This guide covers essential configuration and patterns for deploying ScholarFlux in production environments for machine learning and data engineering workflows.
Overview
ScholarFlux is designed for production-grade data collection from academic APIs. This MVP guide focuses on:
ML/Data Engineering: Building training datasets, systematic reviews, longitudinal monitoring
Reproducibility: Environment configuration and containerization
Essential patterns: Caching, concurrency, and security basics
Note
ScholarFlux is currently beta (v0.5.0). Test thoroughly before production deployment and monitor the GitHub repository for updates.
Prerequisites
Completed Getting Started tutorial
Understanding of Response Handling and Error Patterns for error handling in production
Understanding of Caching Strategies for persistent storage
Python 3.10+ in production environment
Redis or MongoDB for production caching (recommended)
Environment Configuration
SCHOLAR_FLUX_HOME (Recommended)
The recommended approach for production is to set SCHOLAR_FLUX_HOME to centralize all ScholarFlux configuration, caching, and logging in a single directory:
# Set SCHOLAR_FLUX_HOME
export SCHOLAR_FLUX_HOME=/opt/scholar-flux
# ScholarFlux will automatically use:
# - .env file: $SCHOLAR_FLUX_HOME/.env
# - Cache: $SCHOLAR_FLUX_HOME/package_cache/
# - Logs: $SCHOLAR_FLUX_HOME/logs/
Directory structure:
/opt/scholar-flux/
├── .env # Configuration and API keys
├── package_cache/ # Processed results cache
│ └── data_store.sqlite # SQLite cache (if using SQL backend)

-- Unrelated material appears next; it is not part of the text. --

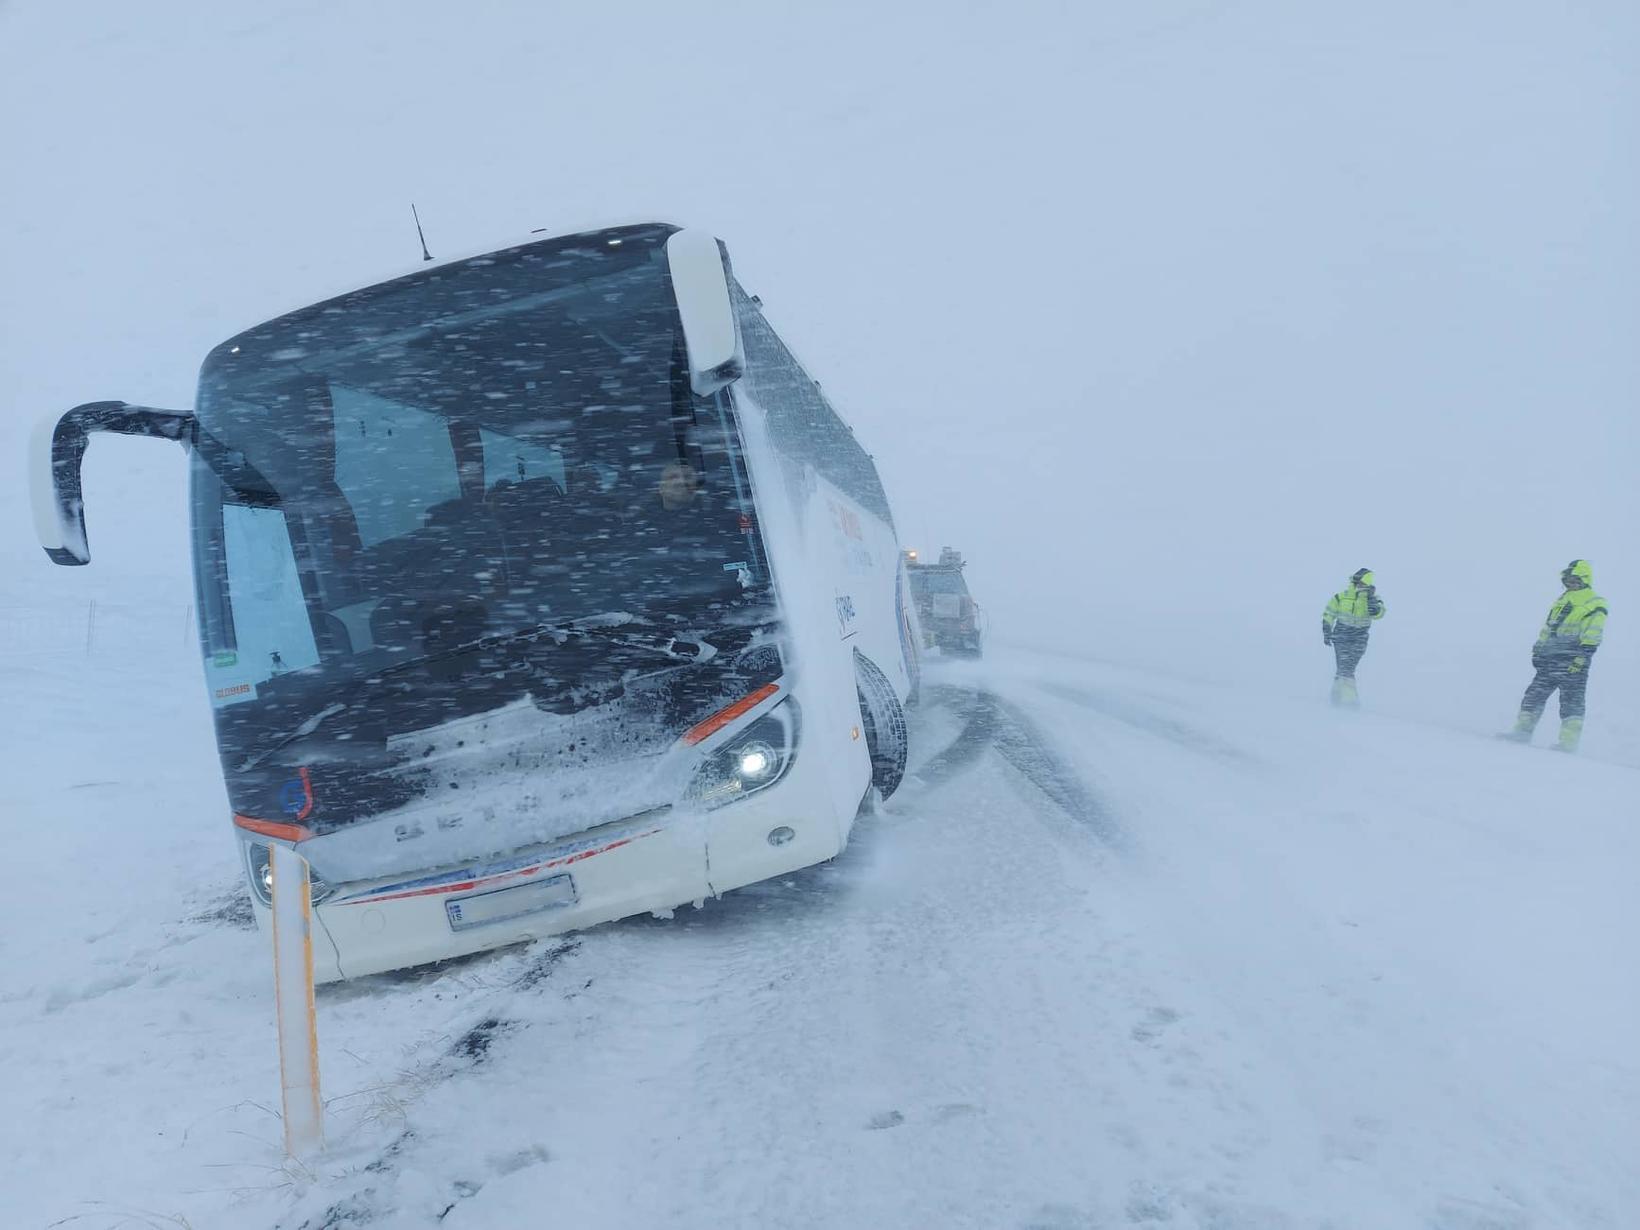 A bus was blown off the road in Hrútafjörður.

└── logs/ # Application logs (with rotation)
└── scholar_flux.log
Setup:
# Create directory structure
mkdir -p /opt/scholar-flux/{package_cache,logs}
# Create .env file
cat > /opt/scholar-flux/.env << 'EOF'
SCHOLAR_FLUX_ENABLE_LOGGING=TRUE
SCHOLAR_FLUX_LOG_LEVEL=INFO
PUBMED_API_KEY=<your_api_key>
EOF
# Set environment variable (add to ~/.bashrc or /etc/environment)

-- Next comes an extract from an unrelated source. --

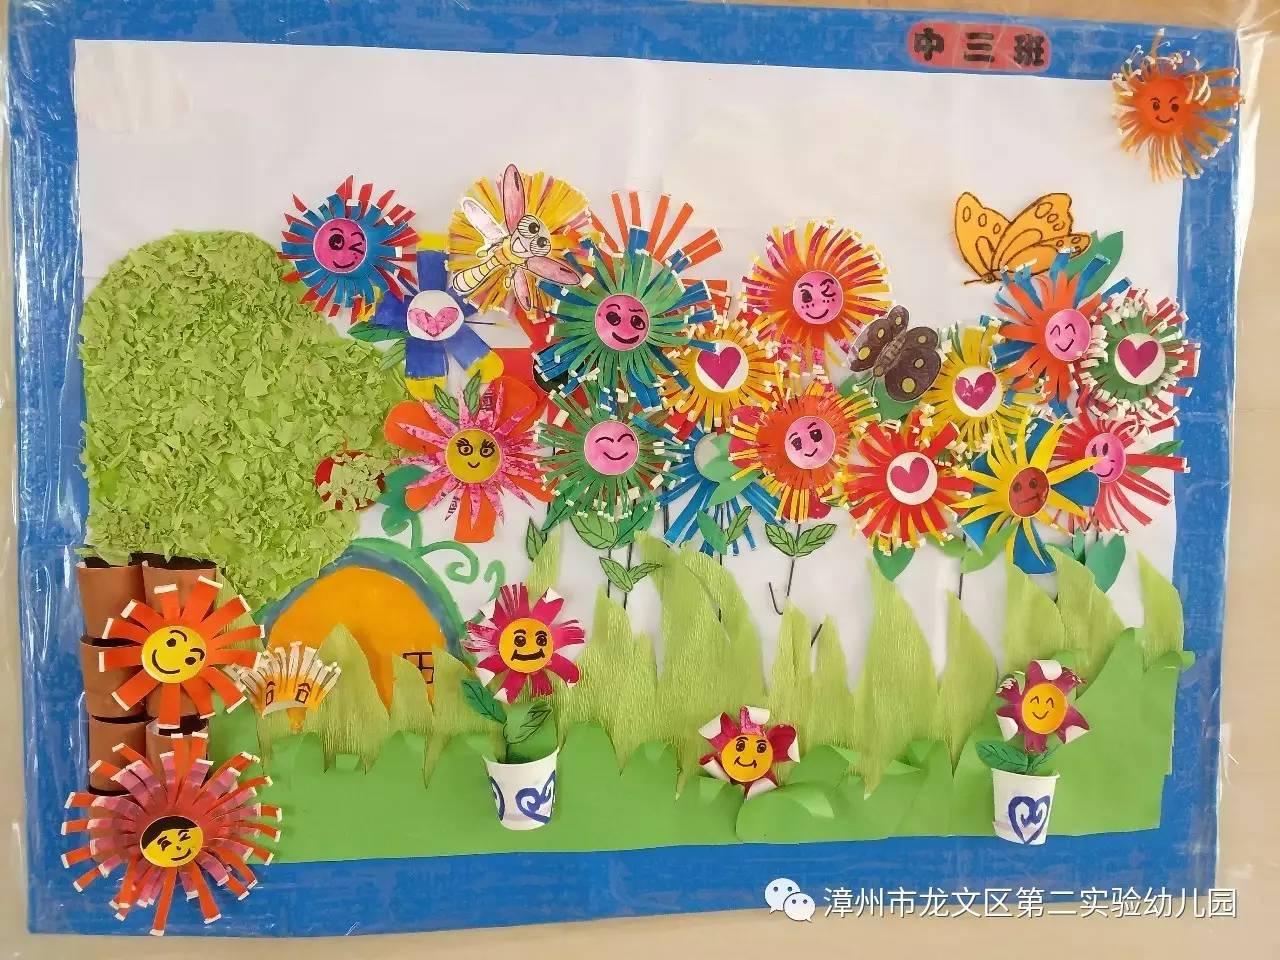 中段《创意纸杯粘贴画》   大段《创意线条画》   让我们一起欣赏孩子

export SCHOLAR_FLUX_HOME=/opt/scholar-flux
How it works:
ScholarFlux searches for writable directories in priority order:
$SCHOLAR_FLUX_HOME(if set) ← Recommended for production~/.scholar_flux(user home directory).scholar_flux(current working directory)Package installation directory
For .env files specifically, ScholarFlux also checks the current working directory, making it easy to place .env in either $SCHOLAR_FLUX_HOME/.env or simply .env in your project directory.
See scholar_flux.package_metadata.directories.get_default_writable_directory for implementation details.
Tip
Using SCHOLAR_FLUX_HOME is especially useful for:
Docker containers (mount a volume to a known location)
Shared servers (separate directories per user/project)
Production environments (centralized configuration)
Multi-user systems (avoid ~/.scholar_flux conflicts)
Configuration System
ScholarFlux uses a hierarchical configuration system with the following priority:
Explicit parameters in code
Environment variables (highest priority for production)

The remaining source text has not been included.